_Data extract_.
• • •

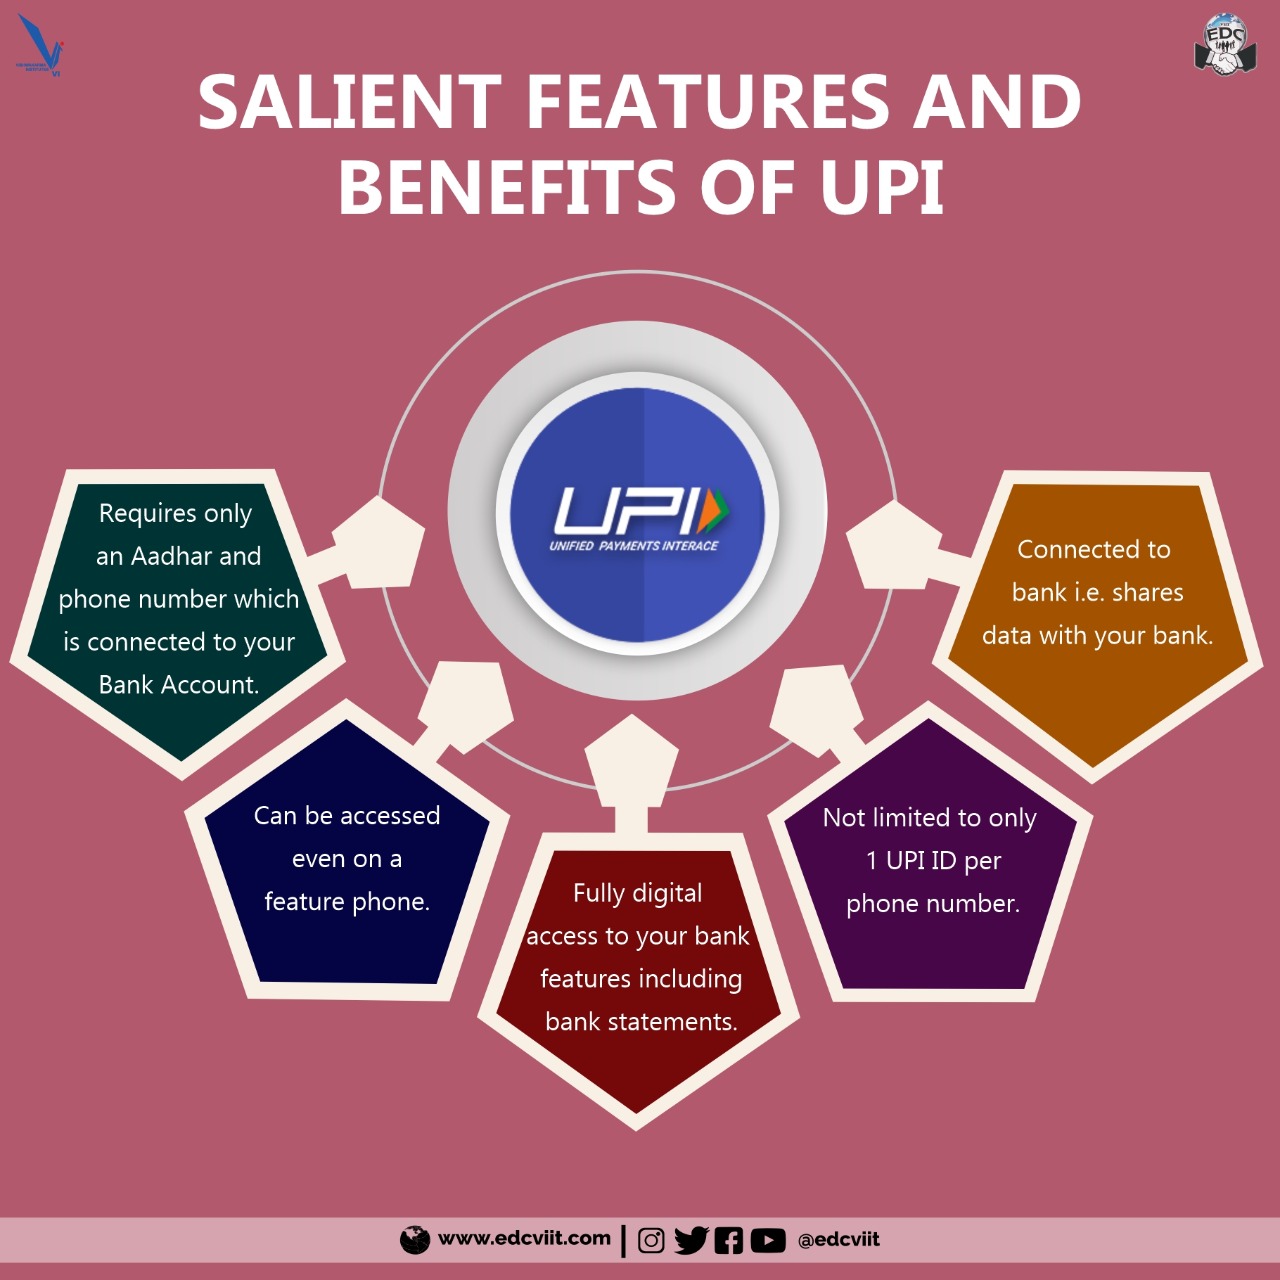 UPI - UNIFIED PAYMENTS INTERFACE
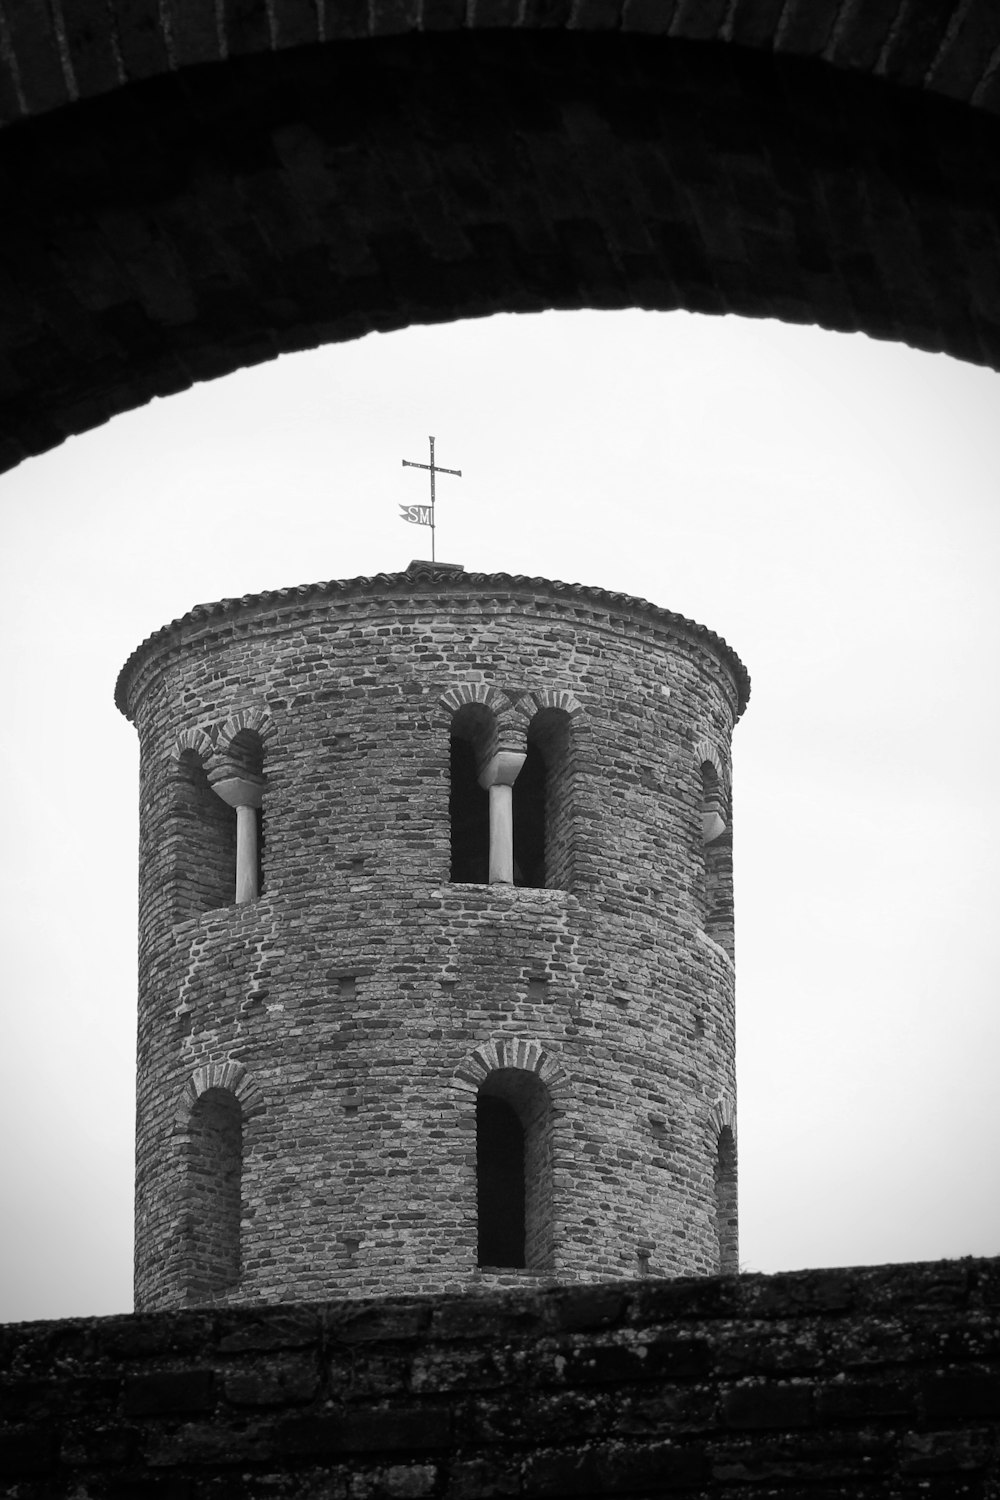 a black and white photo of a tower with a cross on top
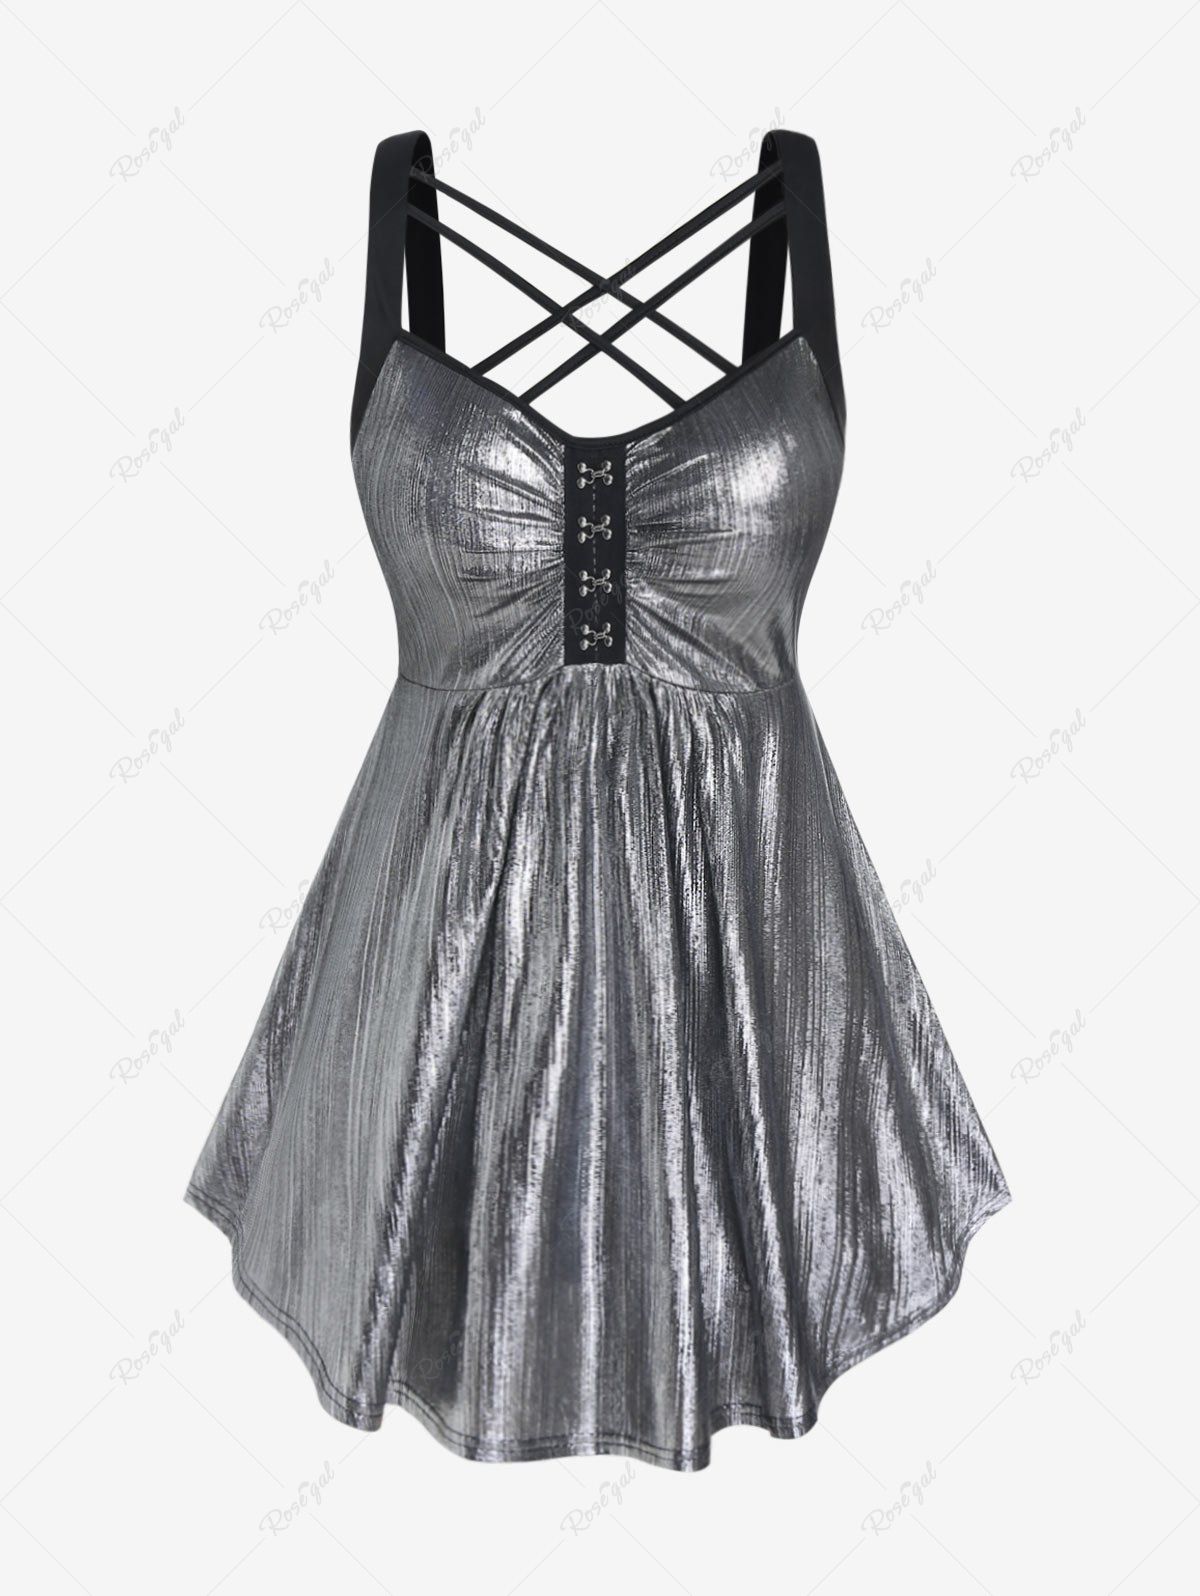 Shop Plus Size Crisscross Strappy Backless Metal Tunic Top

• • •

An exact copy of every line above is needed, without the images.

 UPI - UNIFIED PAYMENTS INTERFACE
 a black and white photo of a tower with a cross on top
 Shop Plus Size Crisscross Strappy Backless Metal Tunic Top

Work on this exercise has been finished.